Sunday, January 14, 2018

An Admission at Inn Din: Precedent for What?

January 14, 2018
(rough, incomplete)

As I work on an article for a wider audience, I had to pause to look into this story, and then put up this article. Then it's back to work...

Limited Hangout, or just Limited Crimes?
A government cover-up of massacres in Myanmar was the arrest of two Reuters journalists and others on December 12 (DW), reportedly as they were looking into killings at Inn Din, on the southern coast of Maundaw township.

An unusual government announcement of Dec. 18 noted unidentified “people being killed and buried” in a cemetery there (Reuters). A December 19 NYT report says the journalists had obtained photos from here. "Five ethnic Rakine locals" and not Rohingya, "were arrested for supplying the photos."  What seems to be a photo of one of the photos with labels added (but unreadable) was shown Dec. 20 on Twitter by a pro-Rohingya activist (see right).

At the risk of setting a precedent, the government now admits its forces engaged in unlawful killings in Inn Din.
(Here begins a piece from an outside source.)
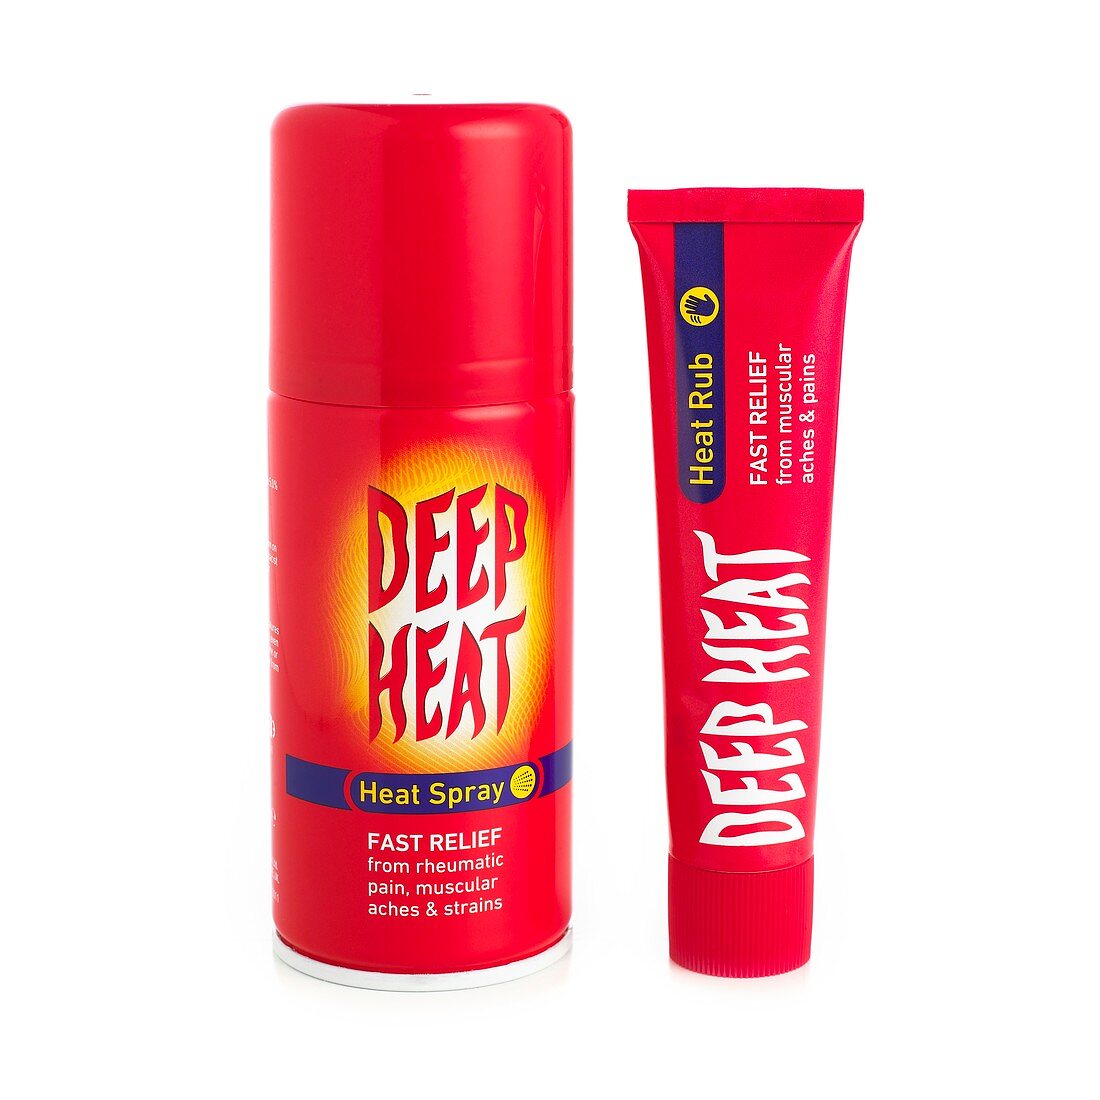 Deep Heat spray and lotion
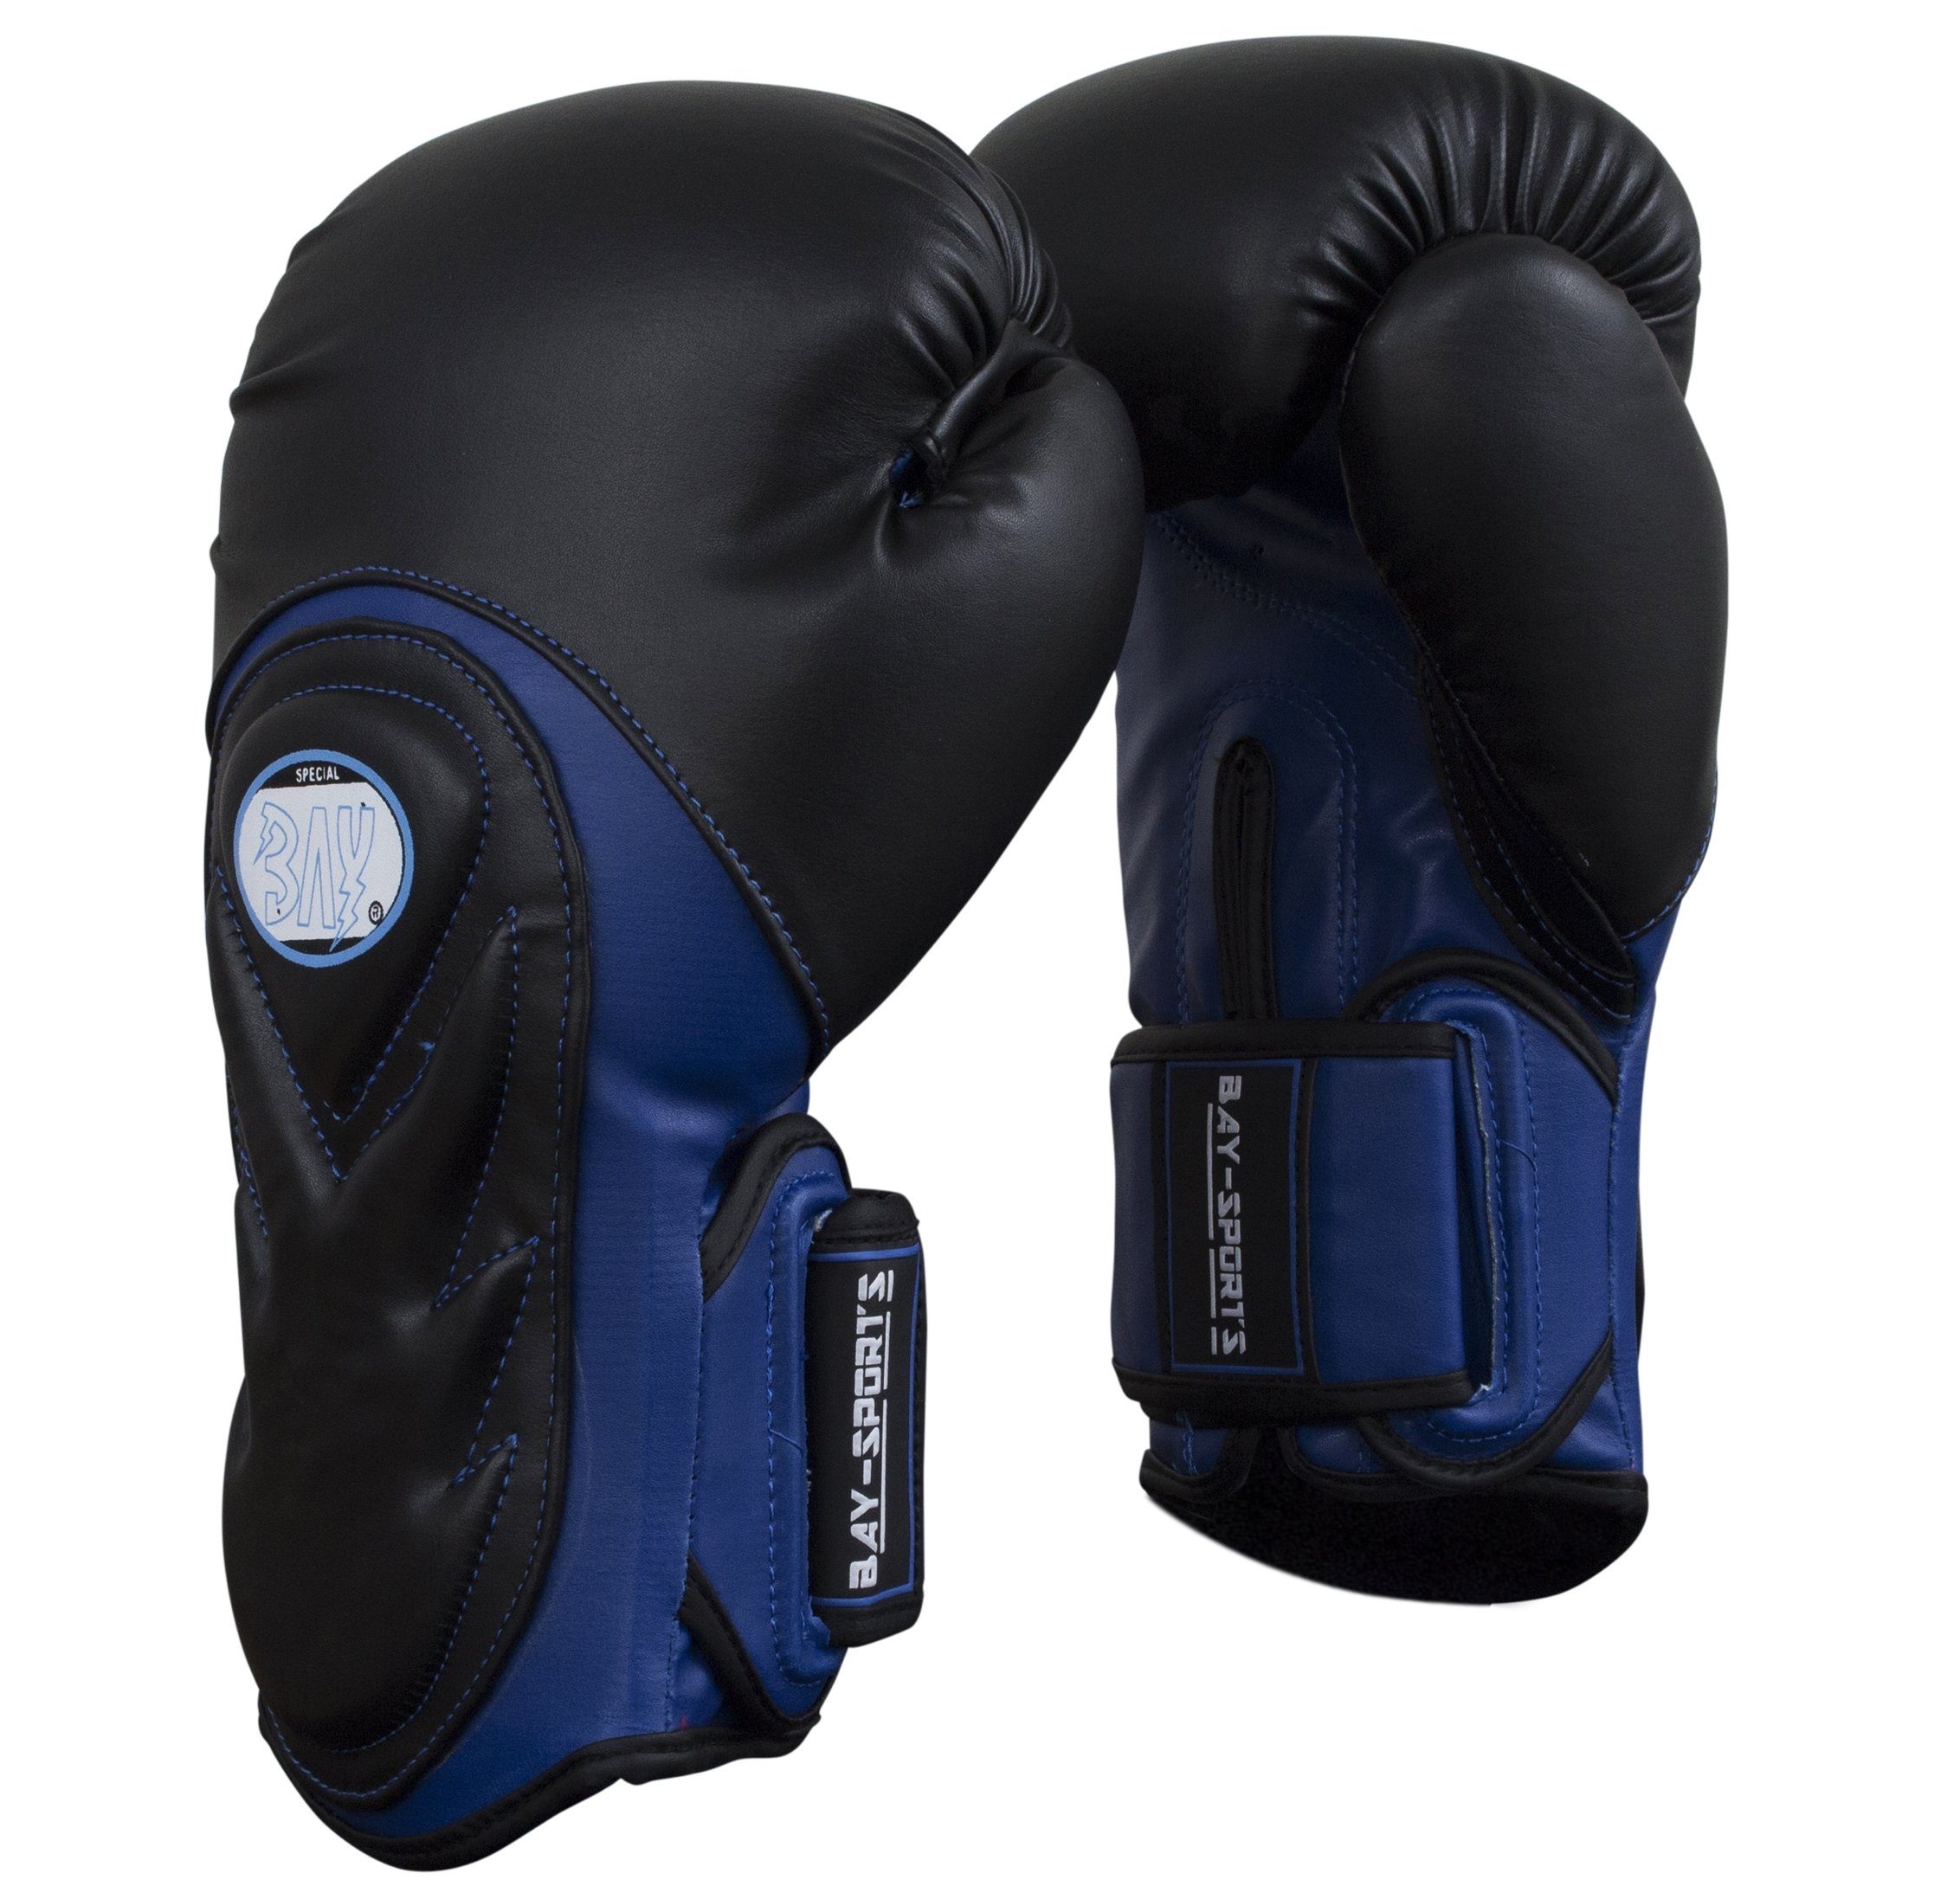 BAY-Sports Boxhandschuhe Bad Kickboxen Style Boxen schwarz/blau Box-Handschuhe

It was not on orders, the January 10 announcement from the army chief's office says, but hot-headed soldiers and Buddhist locals on their own initiative. Upset over attacks and a recent murder of one of their own, they decided to execute 10 ARSA fighters ("Bengali terrorists") on September 2, after capturing them during a foiled attack on August 31.
"Some villagers from Inn Din village and security forces confessed they killed 10 Bengali terrorists," a translation of the Facebook post said, according to Radio Free Asia. "The decision was made to kill them at a cemetery. 
The army will take charge of those who are responsible for the killings and who broke the rules of engagement," the statement continued. "This incident happened because ethnic Buddhist villagers were threatened and provoked by the terrorists.
(UPI, AFP via Frontier Myanmar, RFA - photo source)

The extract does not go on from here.